Back to Bali – 25 April 2026 | Rangkaian video yang beredar di media sosial akhir pekan lalu menimbulkan kegemparan publik setelah memperlihatkan sebuah pesawat tempur F-22 Raptor milik Amerika Serikat tampak melintasi wilayah udara Nusantara tanpa izin resmi. Pada klip tersebut, F-22 terlihat melakukan manuver cepat di atas wilayah perbatasan timur Indonesia, sementara satu unit F-16 Fighting Falcon buatan Belanda yang tergabung dalam satuan tempur TNI‑AU meluncur menurunkan posisi untuk melakukan intersepsi.
Menurut pihak militer Indonesia, tim intelijen penerbangan telah mengidentifikasi pesawat asing tersebut melalui sistem radar C‑band yang terintegrasi dengan jaringan pertahanan udara nasional. Data teknis yang dipublikasikan menunjukkan bahwa pesawat yang terdeteksi berkecepatan Mach 1,7 dan berada pada ketinggian sekitar 15.000 kaki, ciri khas F-22 yang dilengkapi dengan siluman radar cross‑section. Setelah terdeteksi, pilot F-16 melakukan prosedur “scramble” dan mengarahkan pesawat ke posisi yang lebih rendah untuk menegaskan kehadiran Indonesia di wilayah udara kedaulatan.
Insiden ini menimbulkan perdebatan hangat di kalangan pengamat pertahanan dan politik. Sebagian pihak menilai langkah intersepsi merupakan tindakan yang wajar dalam rangka menegakkan kedaulatan, sementara yang lain mengkhawatirkan potensi eskalasi militer dengan negara sekutu strategis. Pemerintah Indonesia belum mengeluarkan pernyataan resmi mengenai izin terbang F-22, namun Kementerian Pertahanan (Kemenhan) dijadwalkan mengadakan pertemuan internal dengan komandan TNI‑AU untuk mengevaluasi prosedur responsif dan menyiapkan langkah diplomatik selanjutnya.
Dalam perkembangan terbaru, Komisi IX DPR RI yang membidangi pertahanan dan keamanan mengumumkan agenda rapat mendesak untuk membahas polemik ruang udara RI yang dipakai oleh militer Amerika Serikat. Anggota DPR menuntut transparansi penuh serta klarifikasi dari Kementerian Luar Negeri dan Kemenhan mengenai status perjanjian penerbangan militer antara kedua negara. Rapat tersebut diperkirakan akan membahas implikasi hukum internasional, termasuk konvensi Chicago 1944 dan perjanjian bilateral yang mengatur operasi militer di wilayah udara masing‑masing.
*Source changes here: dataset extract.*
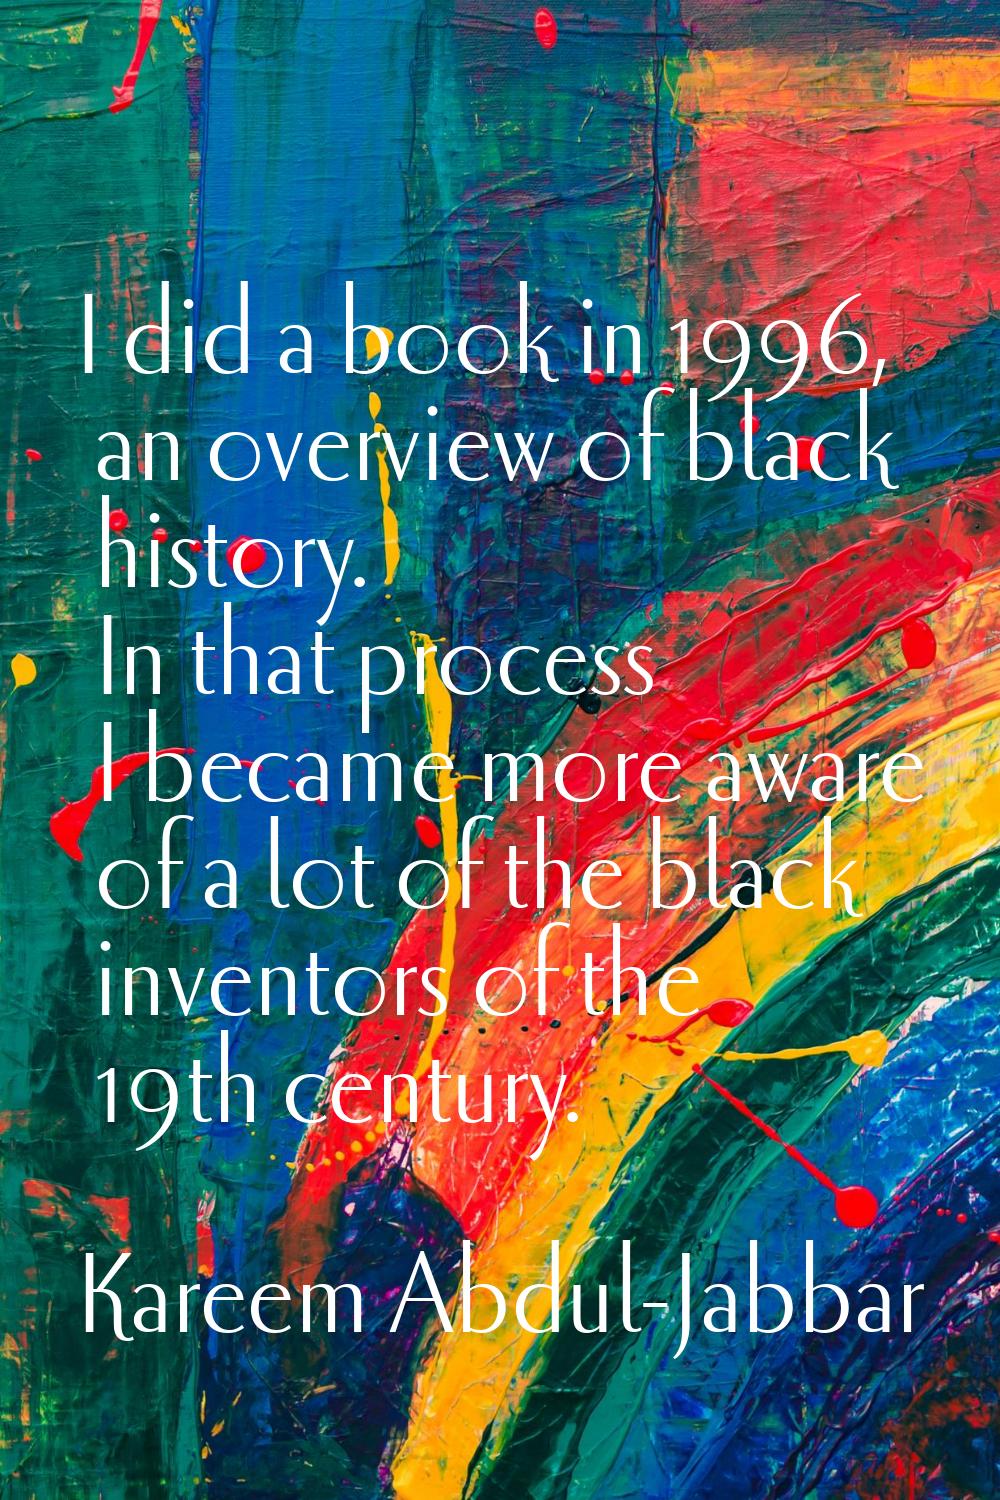 I did a book in 1996, an overview of black history. In that process I became more aware of a lot of

Para pakar hukum internasional menegaskan bahwa setiap pesawat militer yang memasuki wilayah kedaulatan suatu negara tanpa izin dapat dianggap melanggar prinsip non‑intervensi, kecuali terdapat kesepakatan atau koordinasi sebelumnya. Namun, mereka juga mencatat bahwa dalam praktik keamanan regional, sering kali terjadi koordinasi tacit antara negara‑negara sekutu untuk operasi latihan atau patroli. Ketiadaan bukti dokumentasi resmi mengenai izin terbang F‑22 menambah kompleksitas isu ini, sehingga menuntut klarifikasi diplomatik yang jelas.
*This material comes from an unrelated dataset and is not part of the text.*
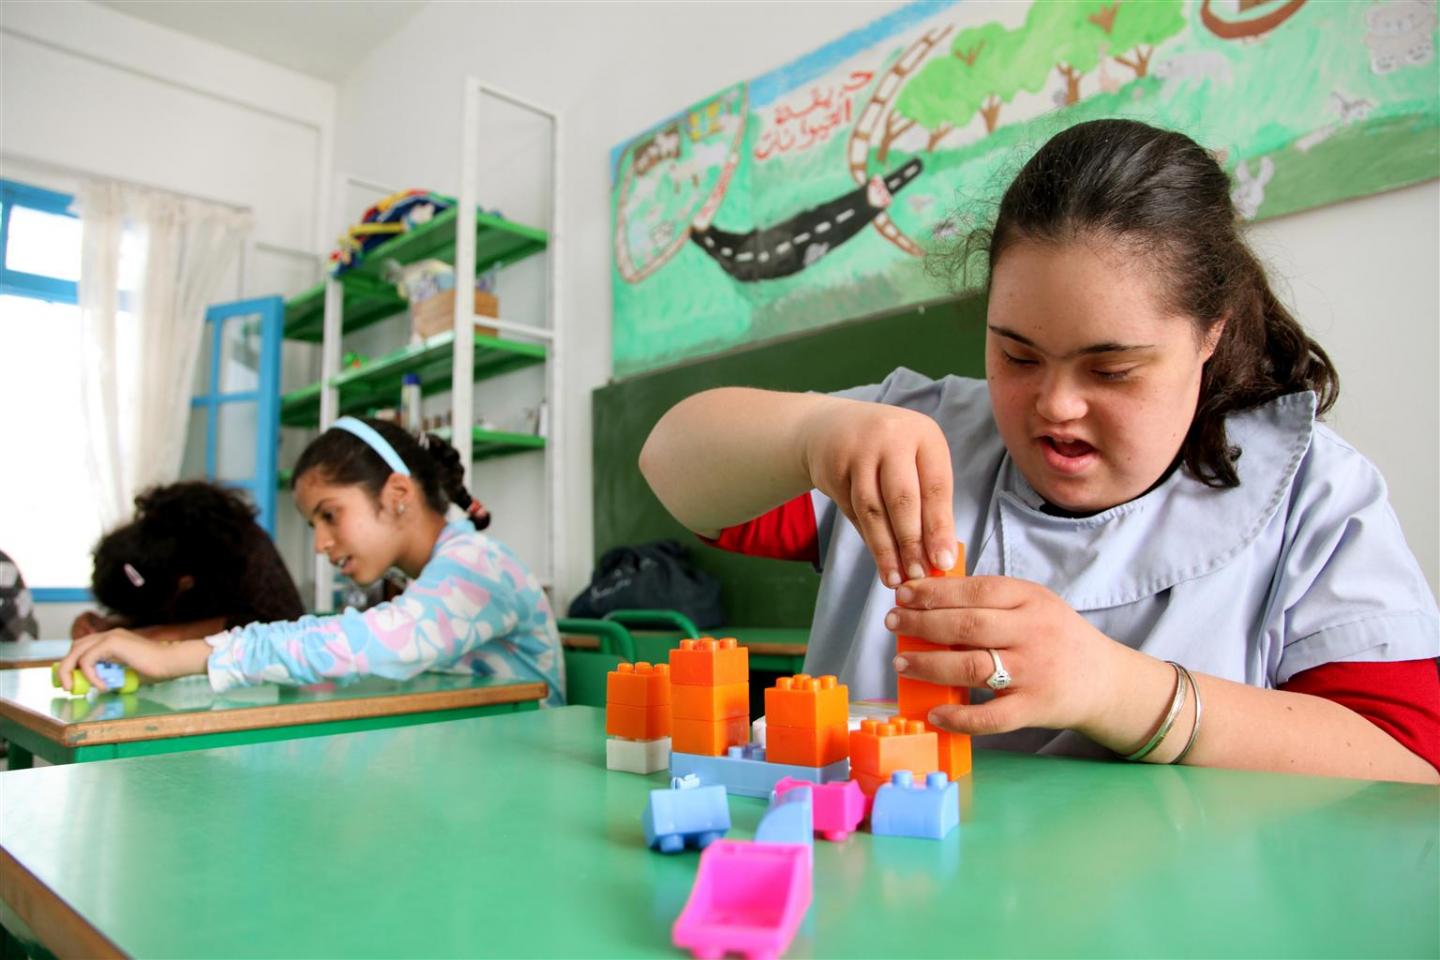 A girl who has Down’s syndrome plays with building blocks

Menjelang akhir pekan, Kemenhan menyiapkan pernyataan resmi yang menegaskan komitmen Indonesia dalam mempertahankan kedaulatan ruang udara serta menegaskan prosedur intersepsi yang sesuai dengan doktrin pertahanan nasional. Sementara itu, pihak militer Amerika Serikat belum mengeluarkan komentar resmi, meski beberapa analis menilai video tersebut mungkin merupakan rekaman latihan rutin atau misi pengawasan intelijen. Kesimpulannya, insiden F‑22 yang terekam ini membuka kembali dialog strategis antara Indonesia dan Amerika Serikat mengenai batasan operasional militer, serta menegaskan pentingnya mekanisme koordinasi yang transparan untuk mencegah ketegangan di masa depan.